Our website may include social media features, such as share buttons or embedded feeds from platforms like Instagram, Facebook, or Twitter. These features may collect your IP address and set cookies to enable the feature to function properly. Your interactions with these features are governed by the privacy policies of the respective social media platforms.

14. Changes to This Privacy Policy

We reserve the right to update or modify this Privacy Policy at any time to reflect changes in our business practices, applicable laws, or technology. When we make material changes to this policy, we will:

Update the "Last Updated" date at the top of this page
Post a notice on our website informing users of the change
Where required by law or where changes are significant, notify you by email

We encourage you to review this Privacy Policy periodically to stay informed about how we are protecting your information. Your continued use of our website and services following the posting of changes constitutes your acceptance of those changes.
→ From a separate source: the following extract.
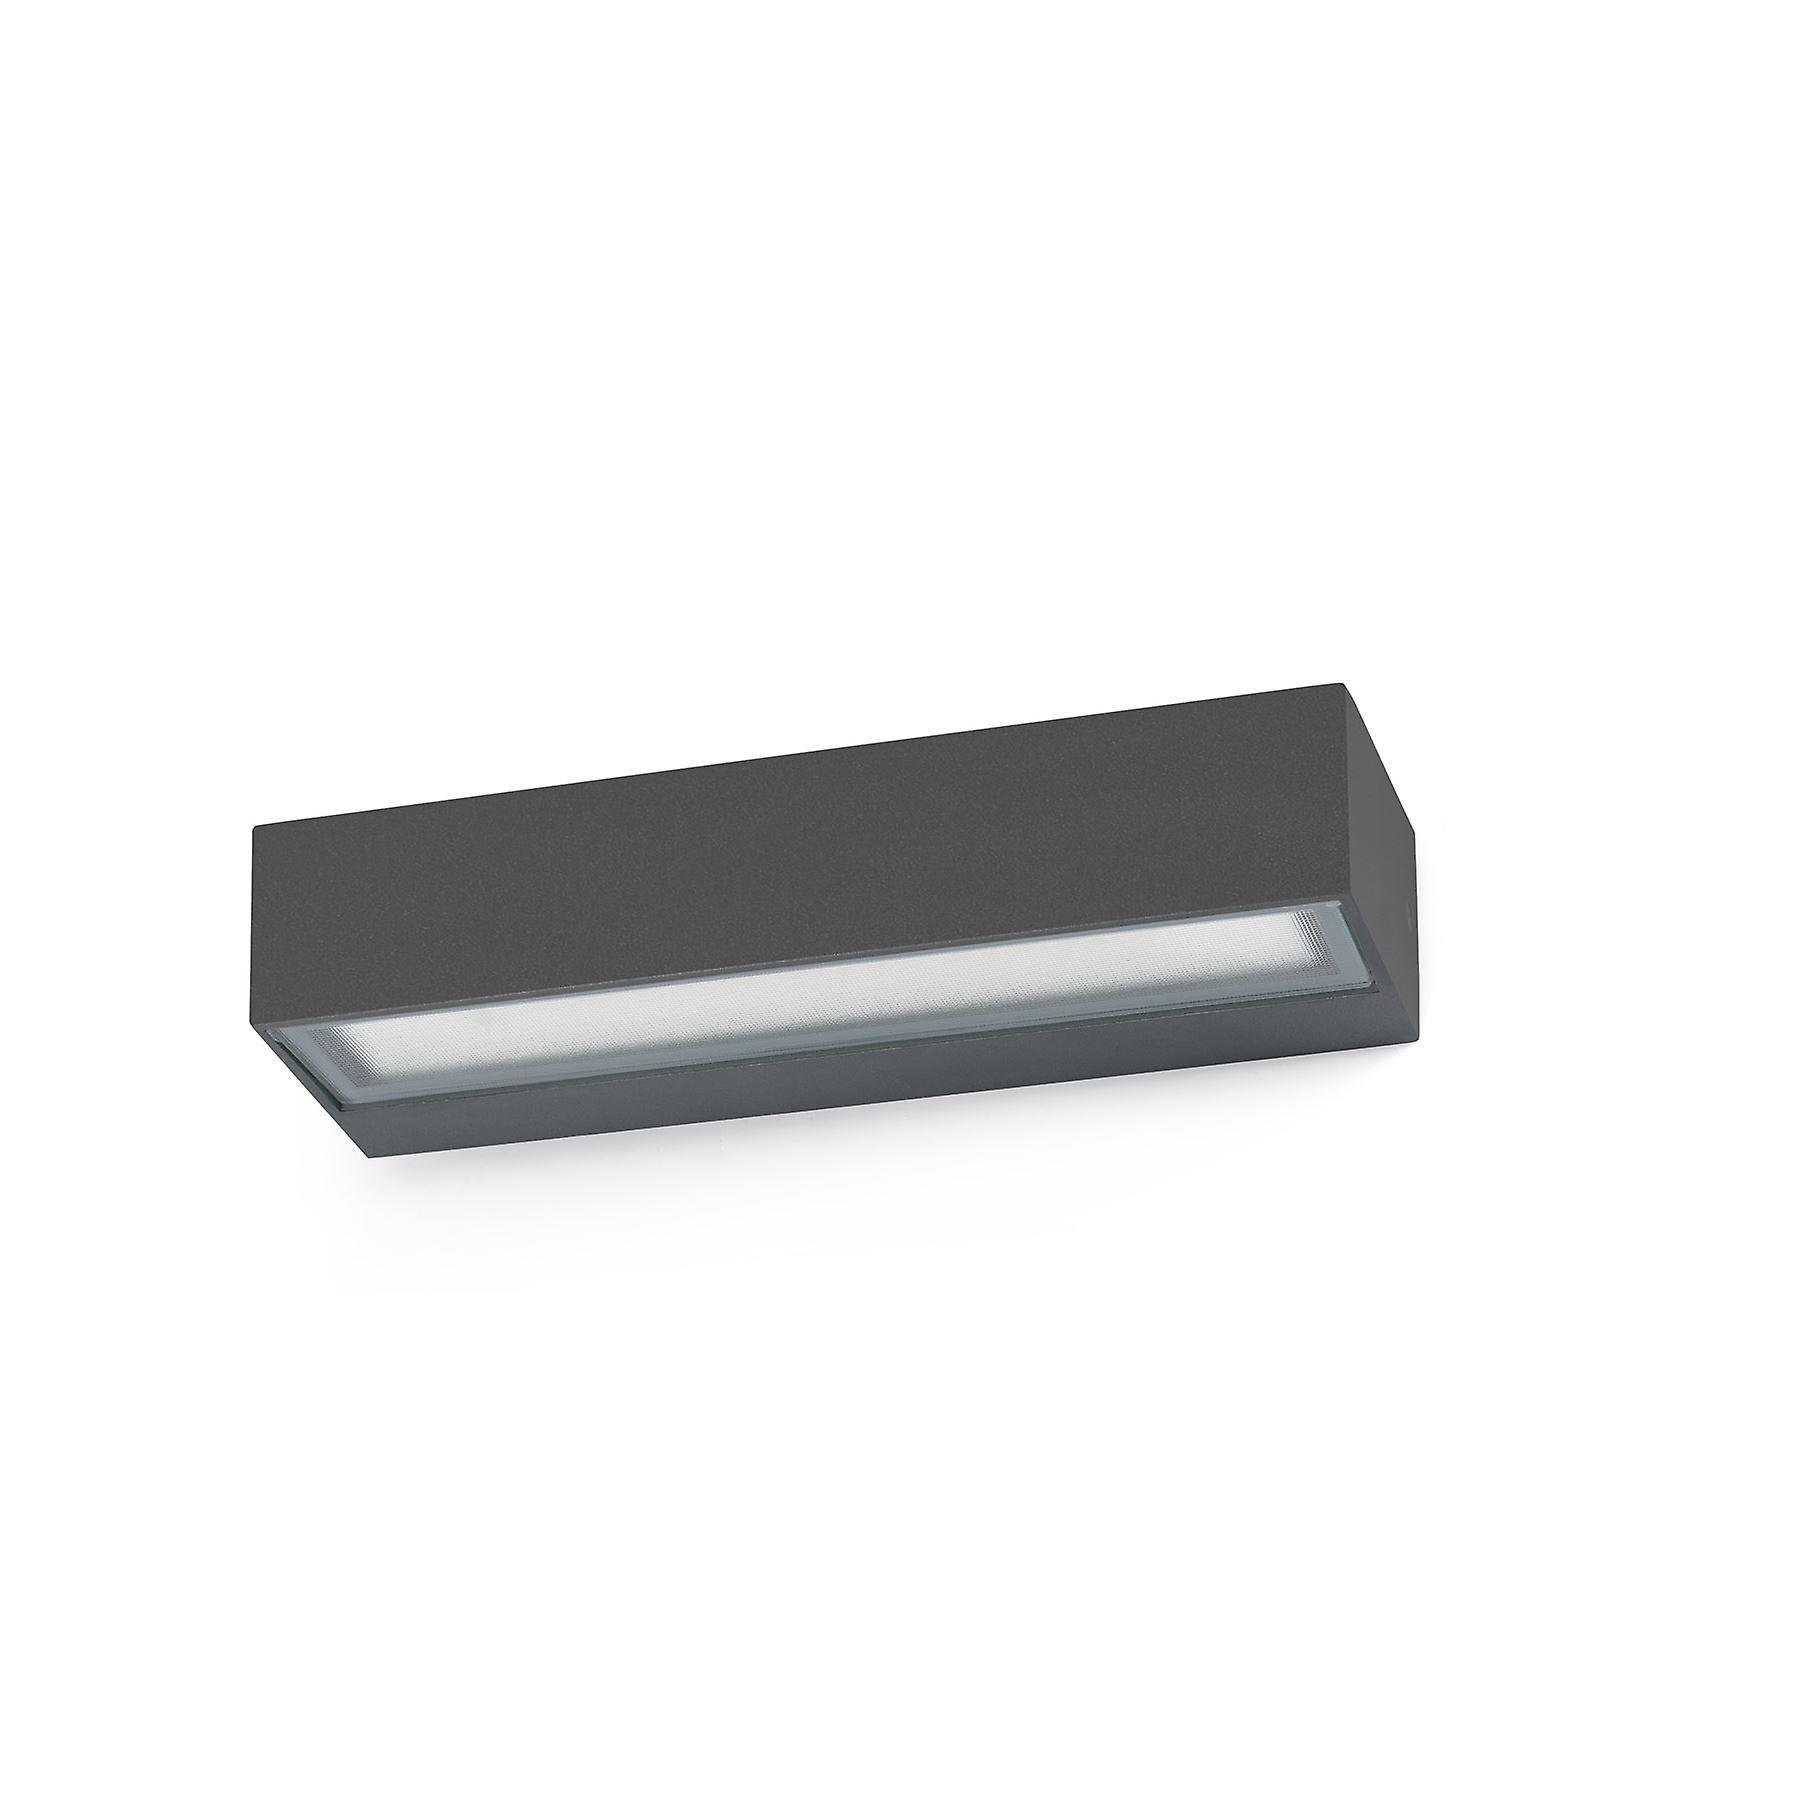 Faro - Toluca Dark gris LED de plein air Wall lumière FARO71050

If you disagree with any changes to this Privacy Policy, you should discontinue use of our services and, if you have an account, request deletion of your account and personal data.

15. Contact Us

If you have any questions, concerns, or requests regarding this Privacy Policy or how we handle your personal information, please do not hesitate to reach out to us. We are committed to addressing your privacy concerns promptly and transparently.

Business Name	Cafe Rio
Email	[email protected]
Website	rioscafe.top
Country	United States

We aim to respond to all privacy-related inquiries within 30 business days. For California residents making CCPA/CPRA requests, we will respond within 45 days as required by law.

16. Filing a Complaint with a Regulatory Authority

If you believe that we have not adequately addressed your privacy concerns, you have the right to file a complaint with the appropriate regulatory authority. In the United States, privacy complaints may be directed to:

16.1 Federal Trade Commission (FTC)

The Federal Trade Commission is the primary federal agency responsible for consumer protection and privacy enforcement in the United States. If you believe we have engaged in unfair or deceptive practices, you may file a complaint with the FTC.

Website: reportfraud.ftc.gov
Phone: 1-877-FTC-HELP (1-877-382-4357)
Address: Federal Trade Commission, 600 Pennsylvania Avenue NW, Washington, DC 20580

16.2 California Residents — California Privacy Protection Agency (CPPA)

If you are a California resident and believe your CCPA/CPRA rights have been violated, you may file a complaint with the California Privacy Protection Agency:

Website: cppa.ca.gov
Address: California Privacy Protection Agency, 2101 Arena Boulevard, Sacramento, CA 95834

16.3 State Attorney General Offices

Many U.S. states have their own consumer protection and privacy enforcement mechanisms. You may also file a complaint with the Attorney General's office in your state of residence. Most state AG offices maintain consumer protection divisions that handle privacy-related complaints.

We encourage you to contact us directly before filing a regulatory complaint, as we are committed to resolving any issues you may have in a fair and timely manner. Please reach out to us at [email protected] and we will do our best to address your concerns.

Summary: At Cafe Rio, we value your trust and are dedicated to being transparent about how we collect, use, and protect your personal information. This Privacy Policy reflects our ongoing commitment to responsible data stewardship in accordance with United States federal and state privacy laws. Thank you for choosing Cafe Rio.

This Privacy Policy was last reviewed and updated on March 27, 2026. All previous versions of this policy are superseded by this document.